The oral cavity consists of three main parts: (1) hard tissue, including tooth and alveolar bone, (2) soft tissue, including mucosa and gingiva tissues, and (3) periodontal tissues. Caries might be the most frequently encountered problem because of its high prevalence and wide distribution among all ages. The World Health Organization (WHO) reported that dental caries continues to be a major public health problem globally and a major public health problem in most high-income countries; in 2009, this disease affected 60–90% of school aged children and the vast majority of adults [1]. In addition, dental caries has shown certain correlations with a variety of systemic diseases such as systemic infections, kidney inflammation, and septicemia [25]. For treating carious tooth, dentists remove sections with a lesion and fill the area with restoration materials. Root canal treatment is needed for teeth that have deep caries involving pulp and irreversible pulpitis. However, no matter what treatment is used, patients are at risk for secondary caries. The Federation Dentaire Internationale defines secondary caries as positively diagnosed carious lesions that occur at the margins of an existing restoration [6]. This is an important clinical problem; it reduces the lifetime of dental restorations, alters dental hard tissue, and endangers tooth survival [7]. It is difficult to diagnose secondary caries during the early stages where survival of the tooth and crown restoration is most likely.

One of the main causes of secondary caries is microleakage. Microleakage means the “gap” between tooth and restorative materials [810]. Rodrigues et al. demonstrated the microleakage beneath composite resin restorative material [10].

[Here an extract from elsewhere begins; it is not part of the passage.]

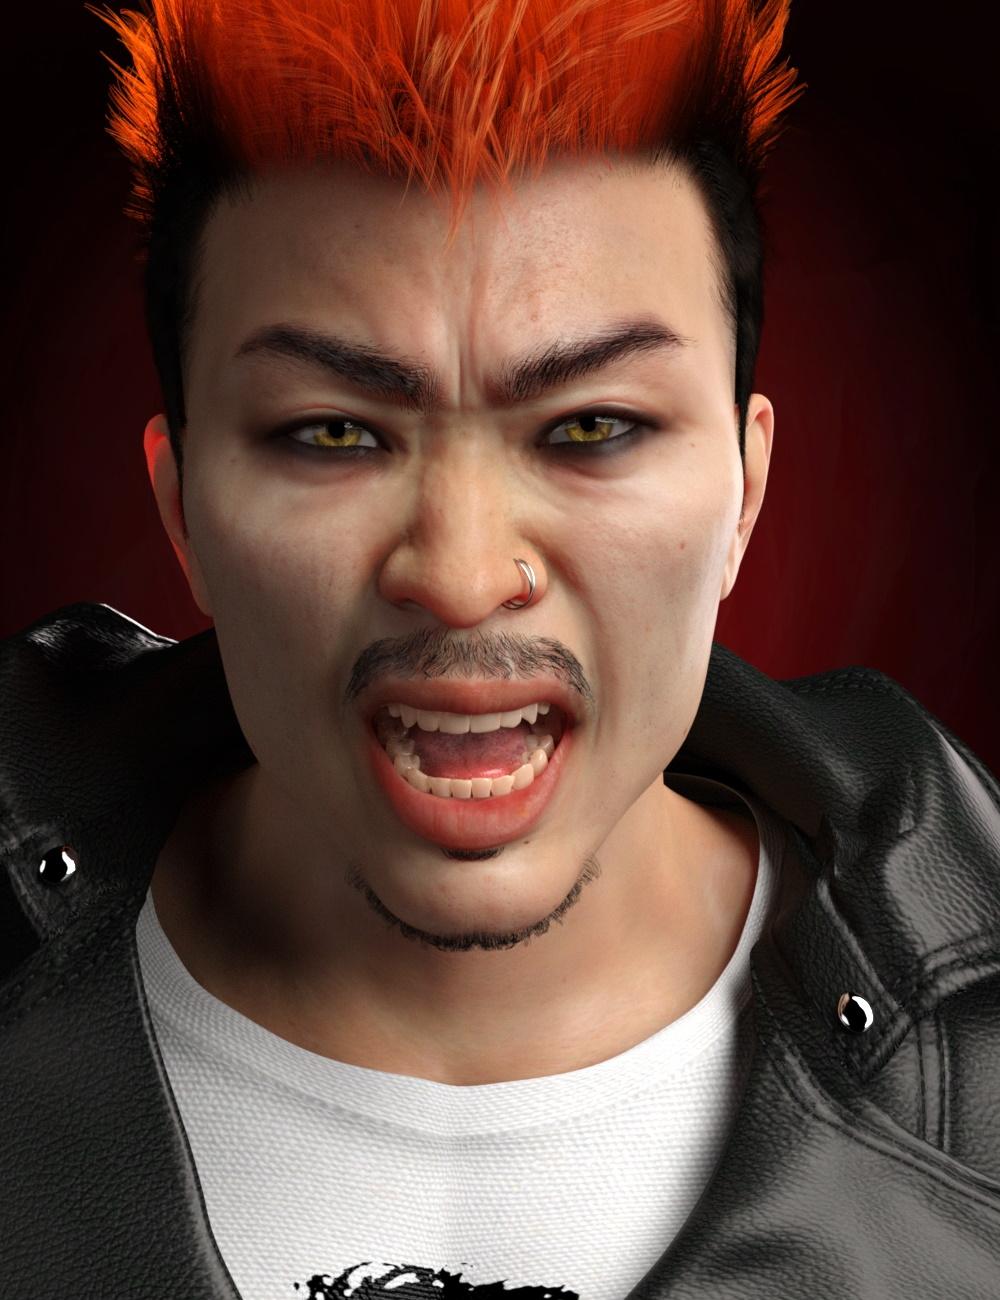 Haru HD for Kwan 8 by: RedzStudio, 3D Models by Daz 3D

Food debris and dental plaque may stick to these undersized gaps and consequently lead to secondary caries. In general, patients cannot adequately clean these tiny sites. In addition, the detection of microleakage is very difficult for the dentist in most clinical settings. Traditionally, the diagnosis of these problems has been based on clinical examination with dental probes and radiographs. The poor reliability and reproducibility of dental probes may cause misdiagnosis because of the difficulty with localization of gaps. For microleakage, most of bonding agents are not radiopaque and there would be no distinction between the adhesive resin and the microleakage in an X-ray radiograph/tomogram. Therefore, it is more difficult to diagnose where the microleakages are compared to cracks. Furthermore, radiography measurements are accompanied by radiation exposure. Although there are many new methods for diagnosis under development in the laboratory [1113], these methods are only applied when secondary caries already exists.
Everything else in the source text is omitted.